Disordered Motifs and Domains in Cell Control

Monday Speaker Abstracts

Intrinsically Disordered Titin PEVK Motifs: The Interplay of Force, Form, and Function of an Ion-exchange Driven Elastomer Kuan Wang 1,3 , Richard J. Wittebort 2 , Leffrey G. Forbes 3 , Wanxia L. Tsai 3 , S Arumugam 2 . 1 Academia Sinica, Nankang, Taipei, Taiwan, 2 University of Louisville, Louisville, KY, USA, 3 NIAMS, NIH, Bethesda, MD, USA. We describe the interplay between elasticity and ensemble structures of intrinsically disordered proteins, using the PEVK segment of the giant (~3-4 MDa) elastic protein titin as a model. Titin PEVK is an highly extended scaffold protein segment encoded by splicing of more than 100 exons and is thought to integrate mechanical stress and SH3-mediated signaling pathways (J. Biol. Chem,281, 27539-556, 2006). Solution and gel phase NMR, single molecule force spectroscopy and steered molecular dynamics simulations were used to investigate the ensemble structures and ion-pair interactions of an engineered 15-mer polyprotein, consisting of 15 identical titin PEVK modules, with affinity tags at both ends to facilitate nanomechanical measurements by single molecule atomic force microscopy.
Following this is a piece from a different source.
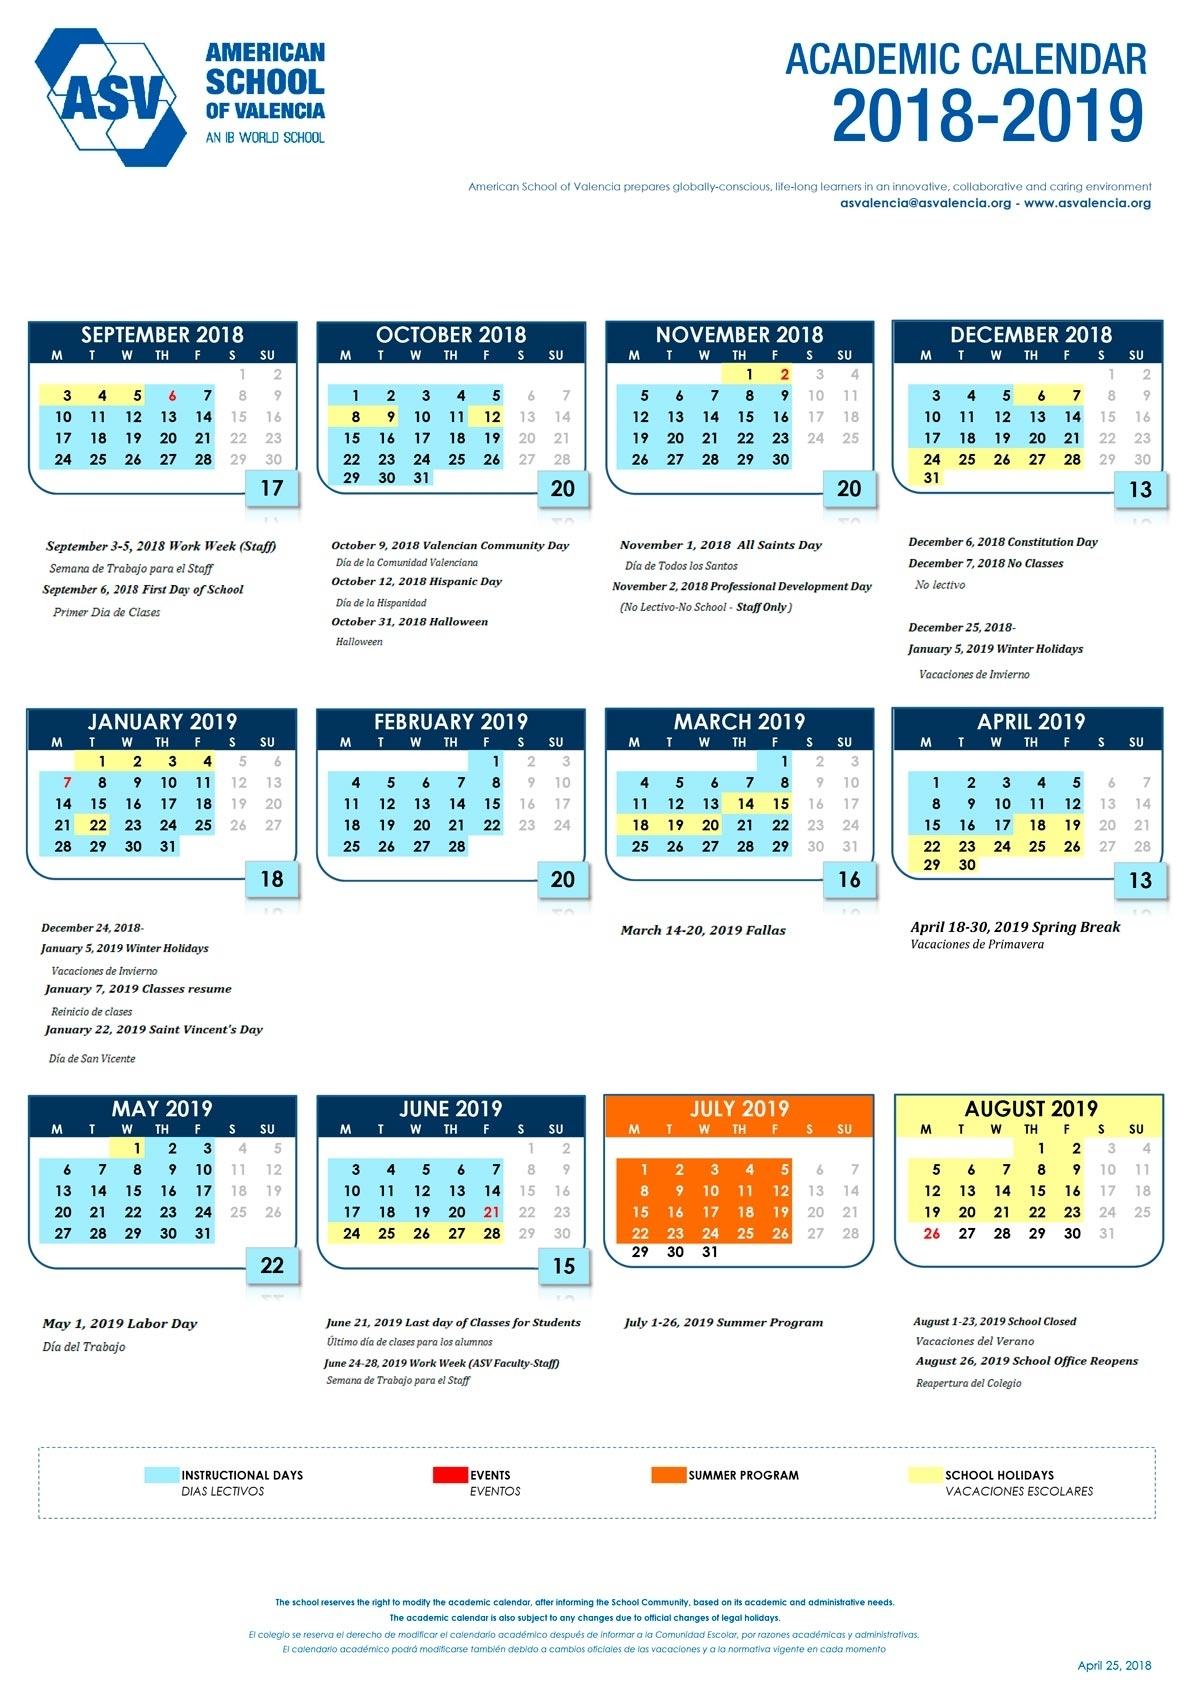 Uc Berkeley Calendar 2020 | Calendar For Planning with regard to Berkeley Academic Calendar

Using the NMR data for the polypeptide backbone and a subset of possible long range interactions, we were able to simulate an ensemble of representative structures and to simulate the mechanical stretching of a trimer and compare it to the stretching of the single polyprotein by atomic force microscopy. The stretching simulations showed that the attractive ionic interactions are in constant flux, leading to an elastic behavior similar to entropic polymers. Some of the simulations showed the exact force signature as those seen in experimental force spectra, and the force-bearing events arise from either transient hydrophobic residues, depending upon the trajectory of the stretching polymer. The current work tightly integrates both experiments and simulations to provide a more complete understanding of how intrinsically disordered ampholytes behaves as an elastic element by an intrachain ion-exchange mechanism. Our insights of nanomechanical properties of this intrinsically disordered protein are useful in the understanding of how force modulates function and in the design of elastic functional elastic biomaterials.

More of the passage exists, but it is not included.